I was only thinking of the auto change because I can see the gas in the bottles rather than trusting a gauge. I know that through winter with the heating on 24/7 we will be using between 20 & 30 litres per week and no more than that. Each one holds 19.5 litres so it could change over once a week and then I just go and top up as and when needed... 6 & two3's really. as I will just nip out on an evening and if the gas is looking low just swap it over to the other bottle. The main thing is that I wont be sending bottles back that still have some gas in them.. What gas is there will always be used...


----------



## Nesting Zombie (Nov 11, 2018)

yorkshireCPLE said:


> I was only thinking of the auto change because I can see the gas in the bottles rather than trusting a gauge. I know that through winter with the heating on 24/7 we will be using between 20 & 30 litres per week and no more than that. Each one holds 19.5 litres so it could change over once a week and then I just go and top up as and when needed... 6 & two3's really. as I will just nip out on an evening and if the gas is looking low just swap it over to the other bottle. The main thing is that I wont be sending bottles back that still have some gas in them.. What gas is there will always be used...



Hey Matey,
Sounds just the job to me, Well done to your Boys, It’s obviously a no brainier to my way if Thinking & will not only make your quality of life easier but will save you LOTS of money, & with that kinda gas usage for your lifestyle it will recoup the Innitial fitting cost of the system very quickly.

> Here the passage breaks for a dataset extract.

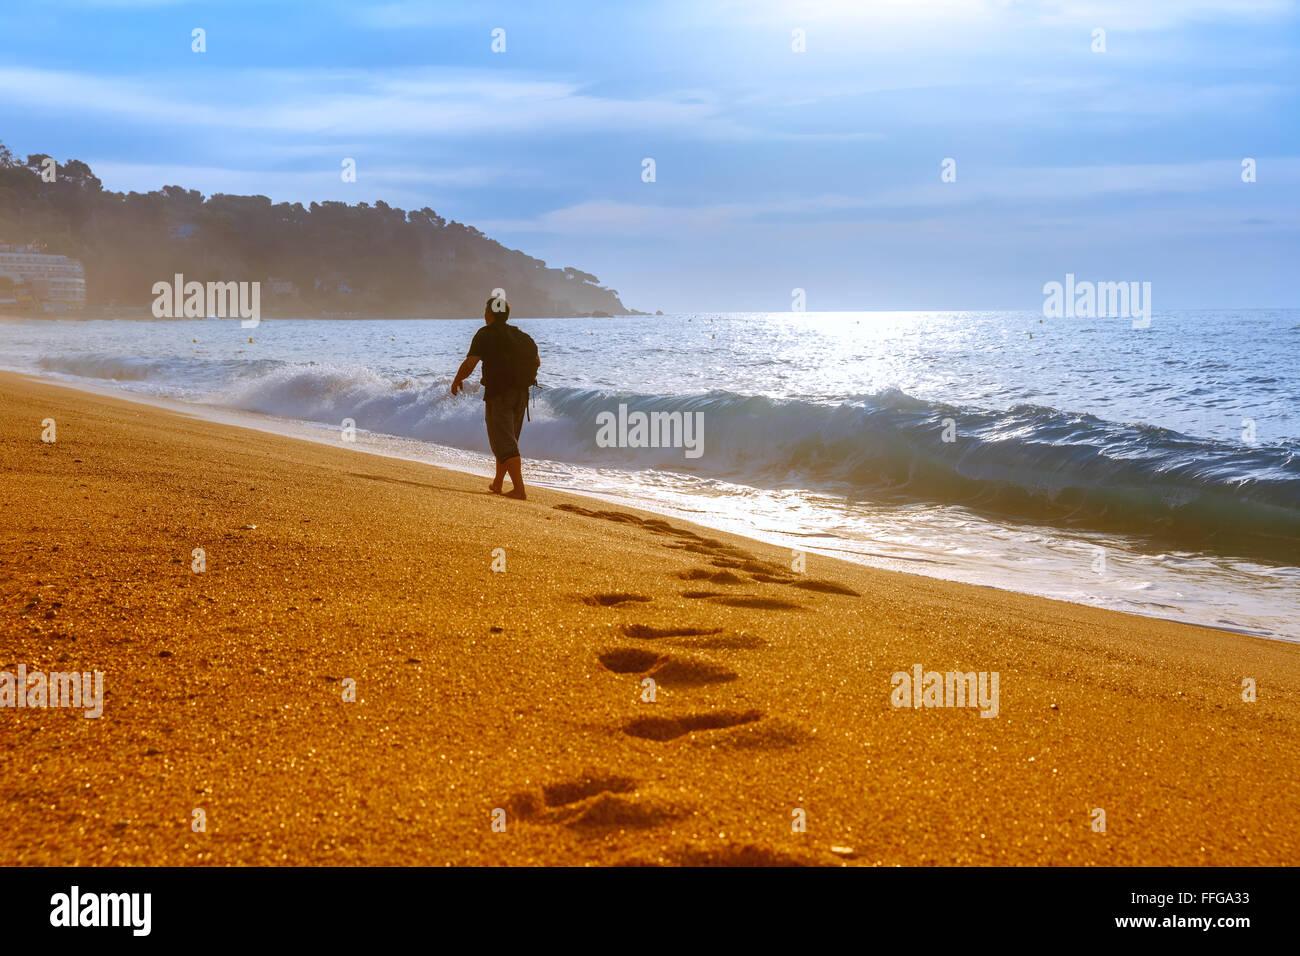 Lloret de Mar, sur la Costa Brava, Catalogne, Espagne Photo Stock d68ecca9a549

(Give The Dog a scruff from me matey)


----------



## CarlandHels (Nov 11, 2018)

Nesting Zombie said:


> Hey Matey,
> Sounds just the job to me, Well done to your Boys, It’s obviously a no brainier to my way if Thinking & will not only make your quality of life easier but will save you LOTS of money, & with that kinda gas usage for your lifestyle it will recoup the Innitial fitting cost of the system very quickly.
> 
> (Give The Dog a scruff from me matey)



Cheers buddy..  Yeah we are well chuffed with them....  Oh the dog's had a scruff..  Maybe catch up again soon...


----------



## Caz (Nov 11, 2018)

The big problem I see, if I were to change over to these bottles for my campervan, is that I know the only "loose" LPG seller within 15 miles of home is a Shell garage - and they aren't on the list of approved fillers that Safefill give. So I don't know whether I would be able to fill there or have to travel further afield - which costs me in diesel, thus negating some of the savings on the cost of the gas.

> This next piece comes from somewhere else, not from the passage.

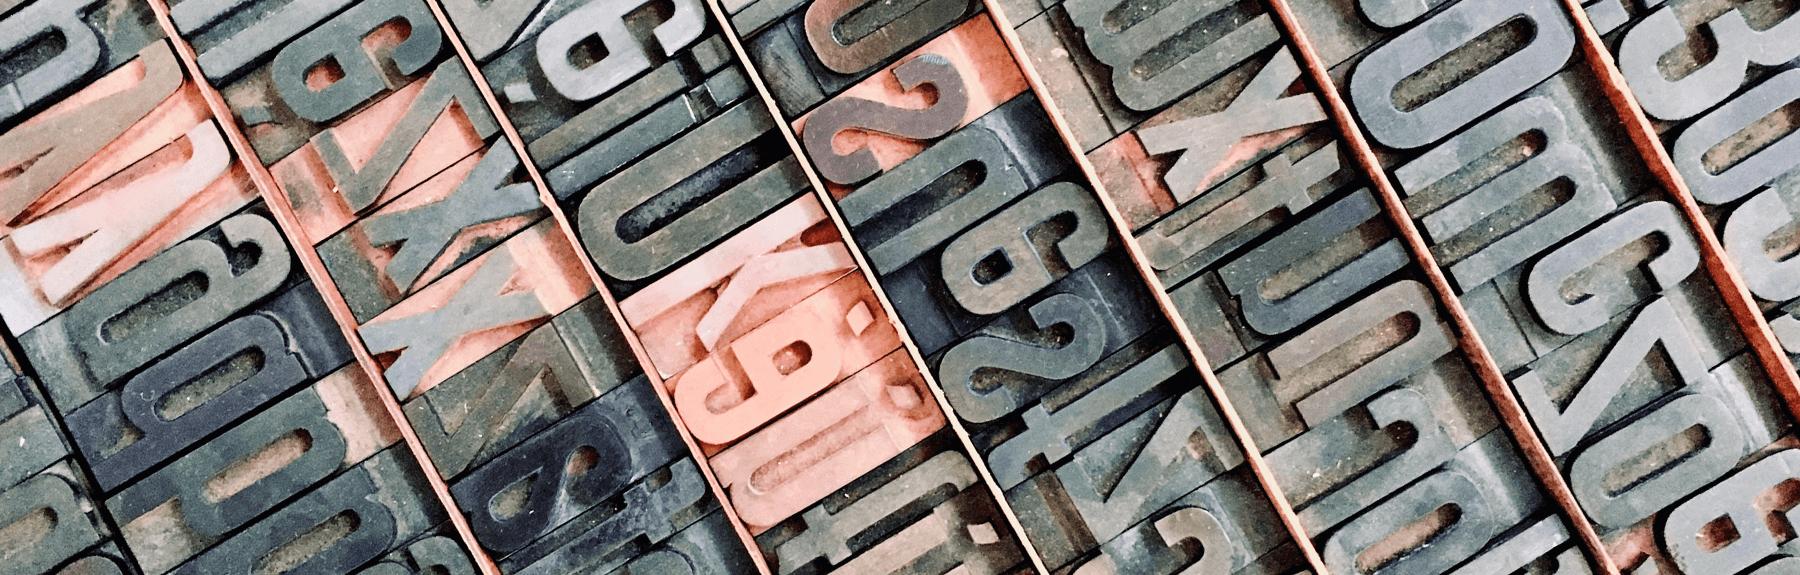 printing-blocks-header

As I would still have to lift the bottles out of the van to fill, the only advantage I can foresee is one of money saving, and I think it would take quite a while to recoup the cost of the bottles. Plus I'd have to lift them in and out and do the filling, whereas the nice man where I usually buy my bottles does the heavy work for me when I smile sweetly at him.


----------



## Dorwyn (Nov 11, 2018)

*I wish!*

Even the smallest Safefill won't fit in my locker. I did have one previously and thought it excellent. So now I'm thinking of getting an underfloor tank fitted, but wouldn't you know there's no space due to a heating flue going across where you put the tank so that would have fo be rerouted. Pvcs, eh?


----------



## CarlandHels (Nov 11, 2018)

Caz said:


> The big problem I see, if I were to change over to these bottles for my campervan, is that I know the only "loose" LPG seller within 15 miles of home is a Shell garage - and they aren't on the list of approved fillers that Safefill give. So I don't know whether I would be able to fill there or have to travel further afield - which costs me in diesel, thus negating some of the savings on the cost of the gas.
> 
> As I would still have to lift the bottles out of the van to fill, the only advantage I can foresee is one of money saving, and I think it would take quite a while to recoup the cost of the bottles. Plus I'd have to lift them in and out and do the filling, whereas the nice man where I usually buy my bottles does the heavy work for me when I smile sweetly at him.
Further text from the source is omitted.